You can get a sense for the timings involved for different sizes:
In [80]: M = make_matrix(5)
In [81]: M
Out[81]:
⎡-23268248970 17481165584 6611878976 21688404260 -332363048 ⎤
⎢───────────── ─────────── ────────── ─────────── ───────────⎥
⎢ 6173287 6173287 6173287 6173287 6173287 ⎥
⎢ ⎥
⎢-11620321902 8914715596 3291699676 10654796030 -168333588 ⎥
⎢───────────── ────────── ────────── ─────────── ───────────⎥
⎢ 6173287 6173287 6173287 6173287 6173287 ⎥
⎢ ⎥
⎢-17978224844 13433529668 5243135950 16686586148 -354021332 ⎥
⎢───────────── ─────────── ────────── ─────────── ───────────⎥
⎢ 6173287 6173287 6173287 6173287 6173287 ⎥
⎢ ⎥
⎢-10824267464 8003053808 3040726208 10253515930 -120066032 ⎥
⎢───────────── ────────── ────────── ─────────── ───────────⎥
⎢ 6173287 6173287 6173287 6173287 6173287 ⎥
⎢ ⎥
⎢-2998114302 2232013094 828083788 2727588566 239697782 ⎥
⎢──────────── ────────── ───────── ────────── ───────── ⎥
⎣ 6173287 6173287 6173287 6173287 6173287 ⎦
In [82]: %time eigenvals(M)
CPU times: user 43.8 ms, sys: 4 ms, total: 47.8 ms
Wall time: 46.6 ms
Out[82]: [14, 26, 46, 56, 82]
In [83]: M = make_matrix(10)
In [84]: %time eigenvals(M)
CPU times: user 82.7 ms, sys: 10 µs, total: 82.7 ms
Wall time: 81.8 ms
Out[84]: [8, 18, 27, 39, 58, 67, 85, 95, 96, 98]

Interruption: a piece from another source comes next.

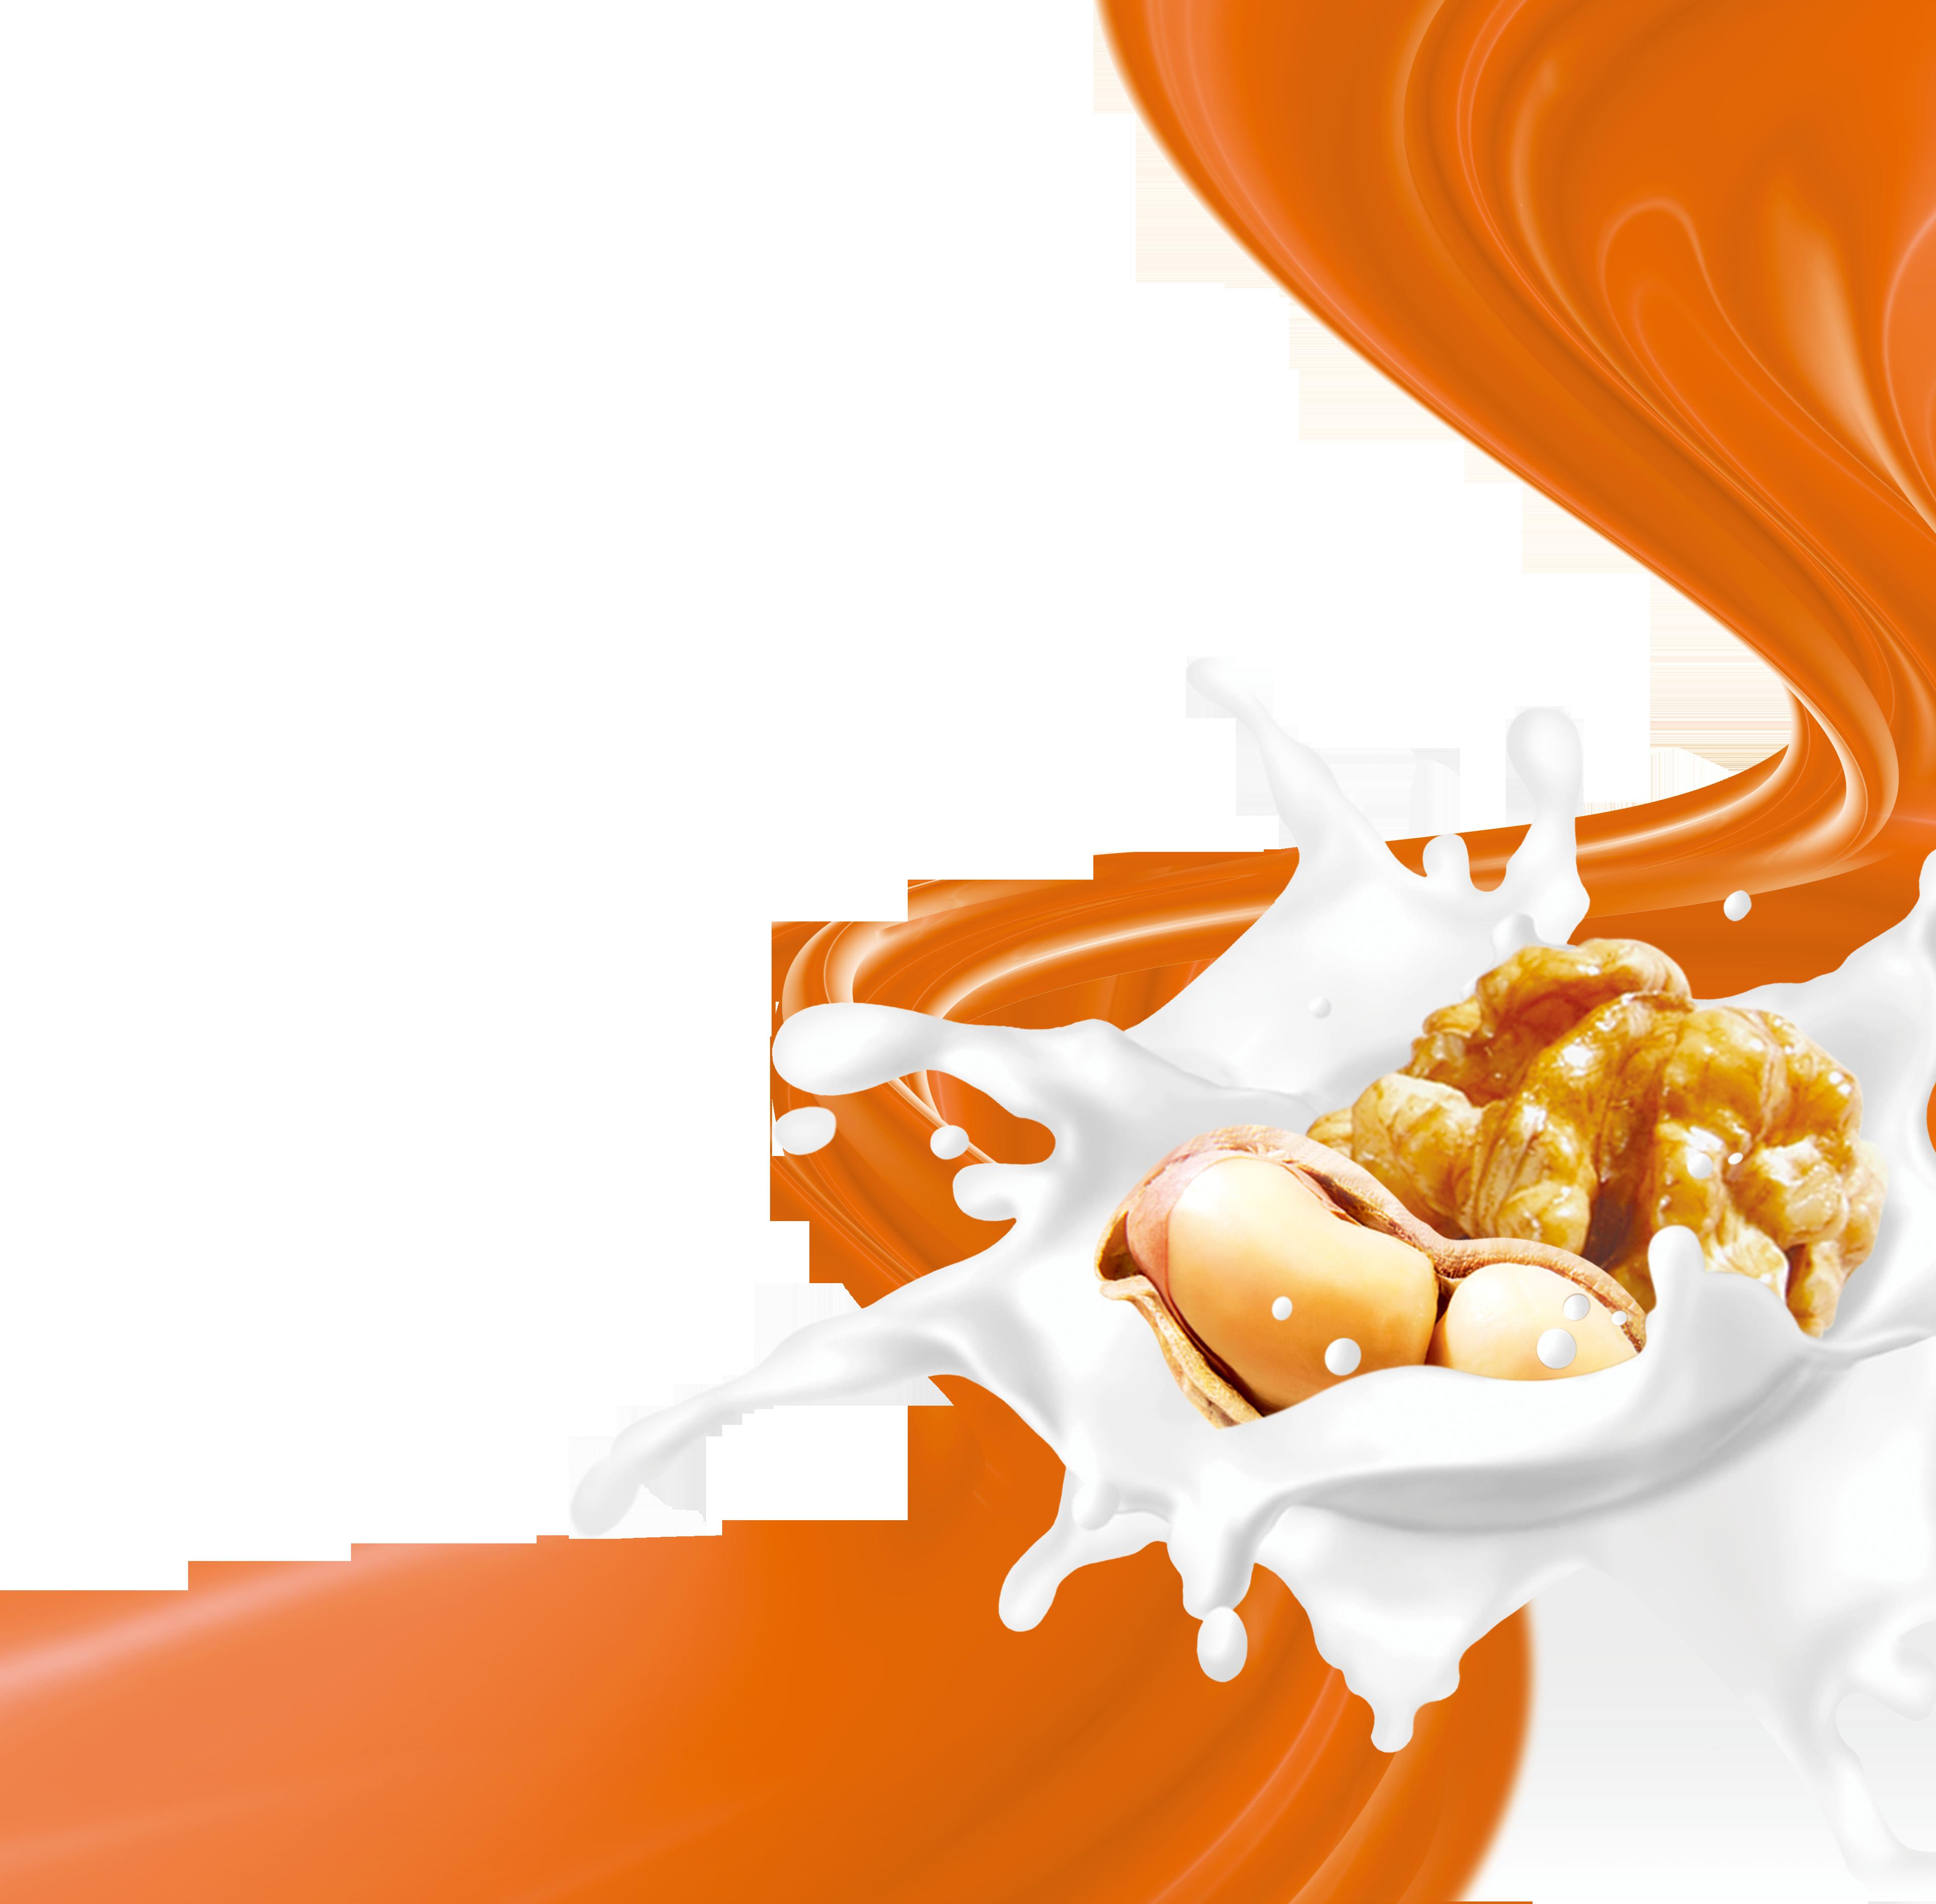 Clipart milk milk packaging. Juice soured walnut and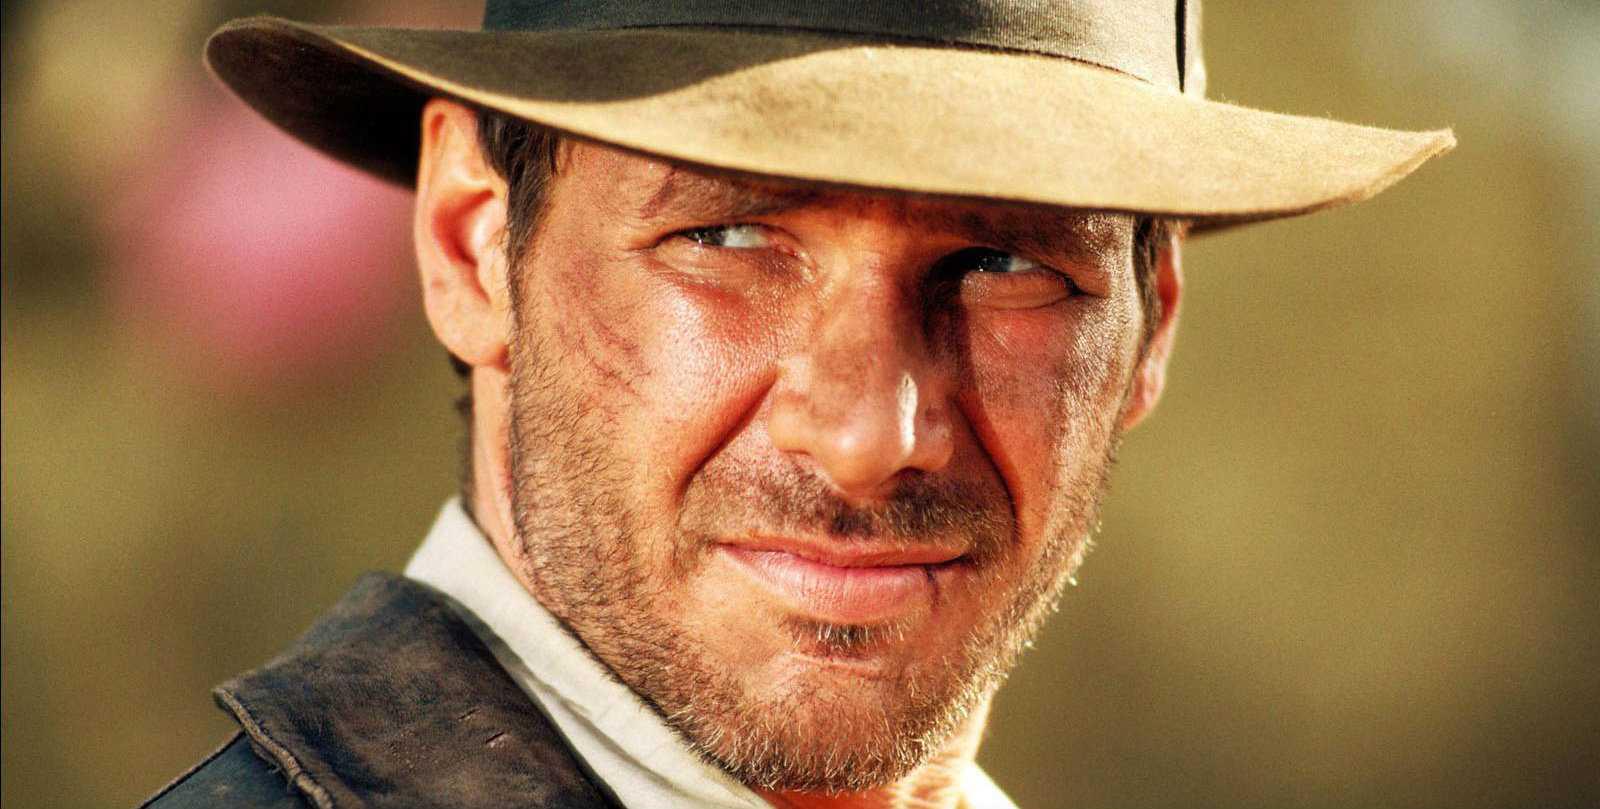 Indiana Jones 5: ¿Harrison Ford rejuvenecido para la película?  (Foto)

In [85]: M = make_matrix(20)
In [86]: %time eigenvals(M)
CPU times: user 652 ms, sys: 2 µs, total: 652 ms
Wall time: 651 ms
Out[86]: [9, 15, 21, 22, 26, 26, 36, 37, 38, 40, 52, 57, 63, 64, 65, 66, 69, 70, 80, 96]
In [87]: M = make_matrix(30)
In [88]: %time eigenvals(M)
CPU times: user 6.1 s, sys: 0 ns, total: 6.1 s
Wall time: 6.1 s
Out[88]:
[7, 8, 10, 13, 15, 18, 26, 33, 34, 35, 36, 42, 42, 43, 43, 47, 49, 50, 52, 54, 56, 62, 72, 79, 85,
87, 89, 92, 98, 98]
In [89]: M = make_matrix(40)
In [90]: %time eigenvals(M)
CPU times: user 37.8 s, sys: 12 µs, total: 37.8 s
Wall time: 37.9 s
Out[90]:
[1, 7, 13, 14, 15, 17, 17, 20, 26, 26, 27, 28, 29, 32, 33, 35, 37, 43, 43, 44, 44, 46, 50, 50, 52,
52, 53, 55, 58, 64, 67, 70, 71, 72, 79, 83, 83, 88, 88, 99]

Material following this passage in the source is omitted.